Dependencies and configurations

The BNeuralT algorithm is written in Java version 11 in Eclipse version 2020‑03 and has the following dependencies.

  • The algorithm uses DenseMatrix64 of EJML
  • JSON object json-simple-1.1 for saving trained models in json format.
  • D3js is used for svg of model files.
  • NetworkX 2.6.2 is used for visulizations

The MLP algorithm and python scripts is written in Python 3.5 and has the following dependencies.
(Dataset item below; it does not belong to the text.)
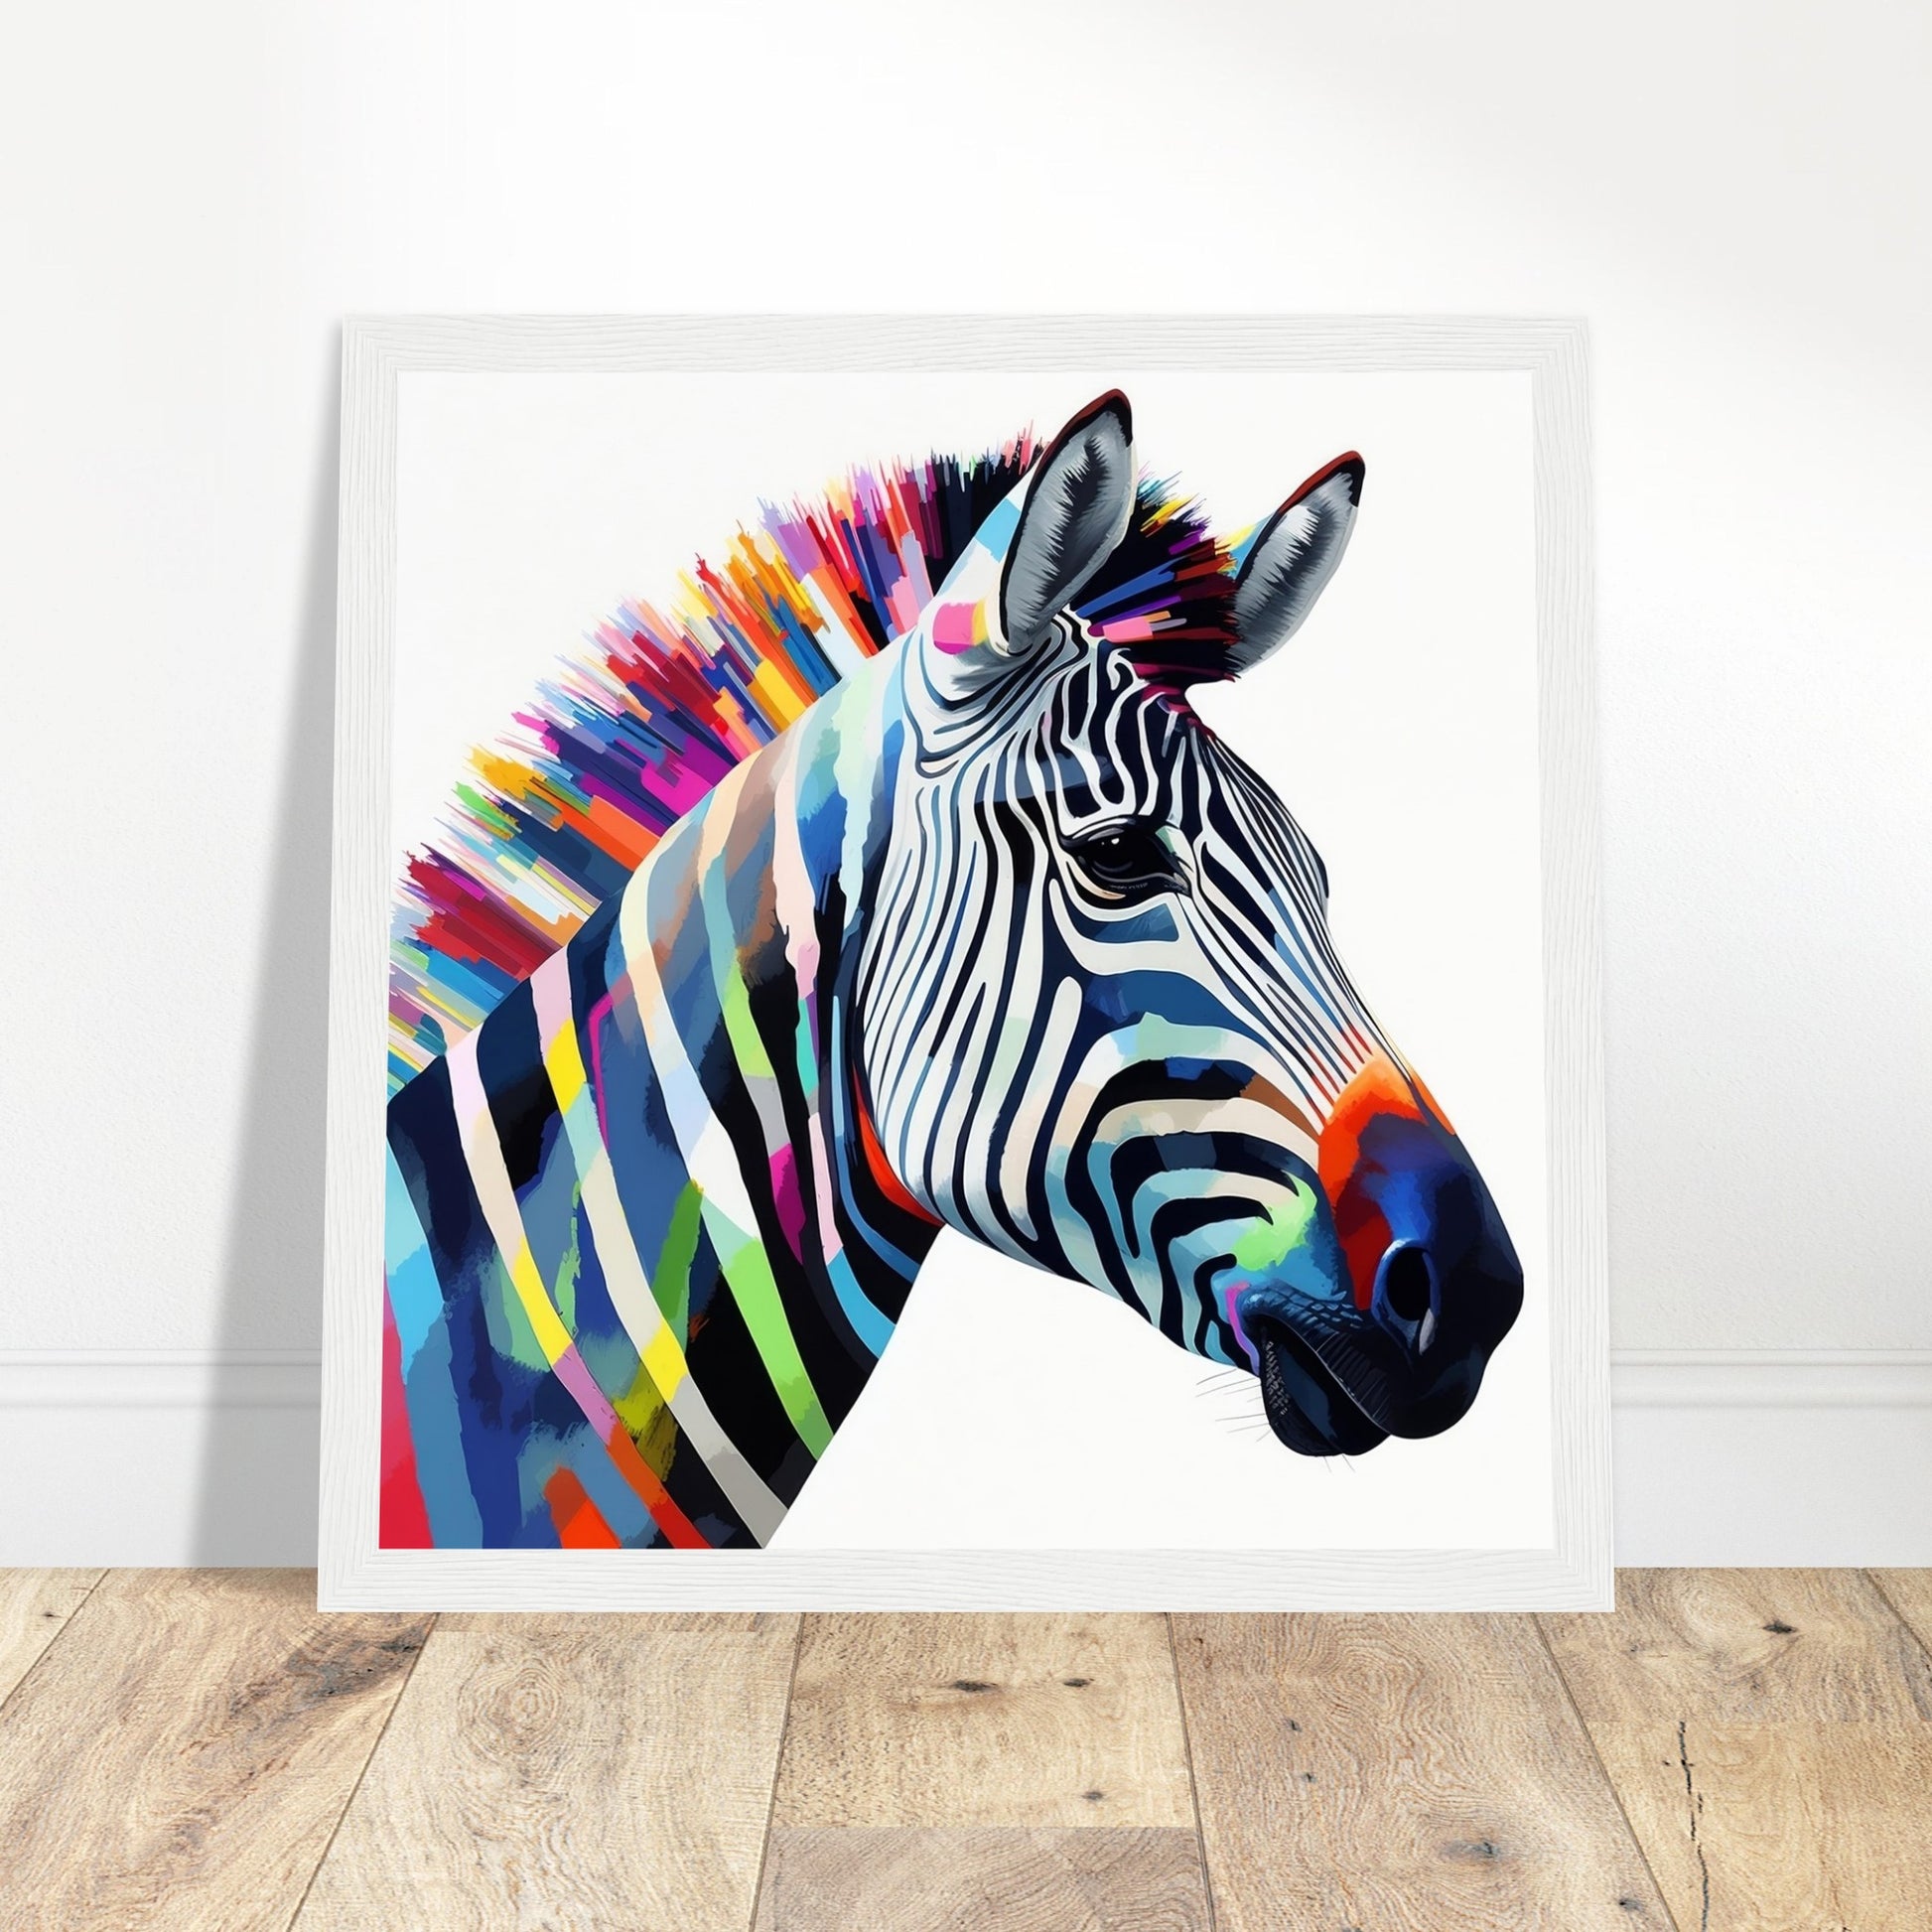 Colourful Zebra Artwork - Print Room Ltd Dark wood frame 70x70 cm / 28x28"

Project structure, data, and source code files

project directory structure

Setup of Eclipse project structure is as follows:

  • BNeuralT (root)
    • bin
    • data (csv data files)
    • dependencies (EJML and JSON)
    • model
      • view (JavaScript and HTML files for tree models)
    • src (Java version 11 source files)
    • trained_models
datasets

All csv files for classification and regression learning problems are in directory data

Model Evaluation

Test accuracy collection from pre-trained models

Runnable JAR files that can be directly run from command line

# evaluation of classification and regression problems pre-trained models test accuracy collection
-$ java -Xms7000m -Xmx7000m -jar evaluateTreeModels.jar

Eclipse project files structure has a folder src in the folder under the package trainAndEvaluateTree main entry point for the models evaluation is:

+$ EvaluateTreeModels.java

Under eclipse project necessary run configuration setup is as follows:

  • Command argument option:
    • < empty >
    • < mnist >
  • VM-Argument option: <-Xms7000m -Xmx7000m>

Evaluation of pattern recognition (MNIST) pre-trained models and reproducing results in Table 4

-$ java -Xms7000m -Xmx7000m -jar evaluateTreeModels.jar mnist

MNIST csv files is too big to upload on GitHub - can be downloaded and put in the folder data MNIST files can be downloaded from

Pre-trained models files and folder structure setup for model evaluation

  • BNeuralT
    • trained_models
      • pre_trained_class_reg_models
        • dir of a dataset
          • 30 dir <data_name instance number>
            • 6 pre trained model files <Optimizer name models [DOT] json>
            • 1 experiment files <"experiment" [DOT] txt> preserved training data sequence
      • BNeuralT_pre_trained_class_reg_models_coll.csv (This BNeuralT test results for Table 2)
      • Table_3_stats_of_all_exp_NT_RMSprop_vs_all.csv
      • Table_A1_and_All_experiments_results.csv
      • Table_A2_mean_of_all_experiments.csv
      • pre_trained_models_MNIST (MNIST dataset models)
      • Table_4_BNeuralT_models.csv (This has BNeuralT models for MNIST dataset)

Model Training

Model training using command line

Runnable JAR files that can be directly run from command line

# running cost functions (tree) for each example in Java Threads (parallel loop) -  effective for large problems only  
-$ java -Xms7000m -Xmx7000m -jar trainTreeModel_Prll.jar

# running cost functions (tree) for each example sequentially (native loop) -  effective for small problems only
-$ java -Xms7000m -Xmx7000m -jar trainTreeModel_Seq.jar

Model training using source code [Eclipse project]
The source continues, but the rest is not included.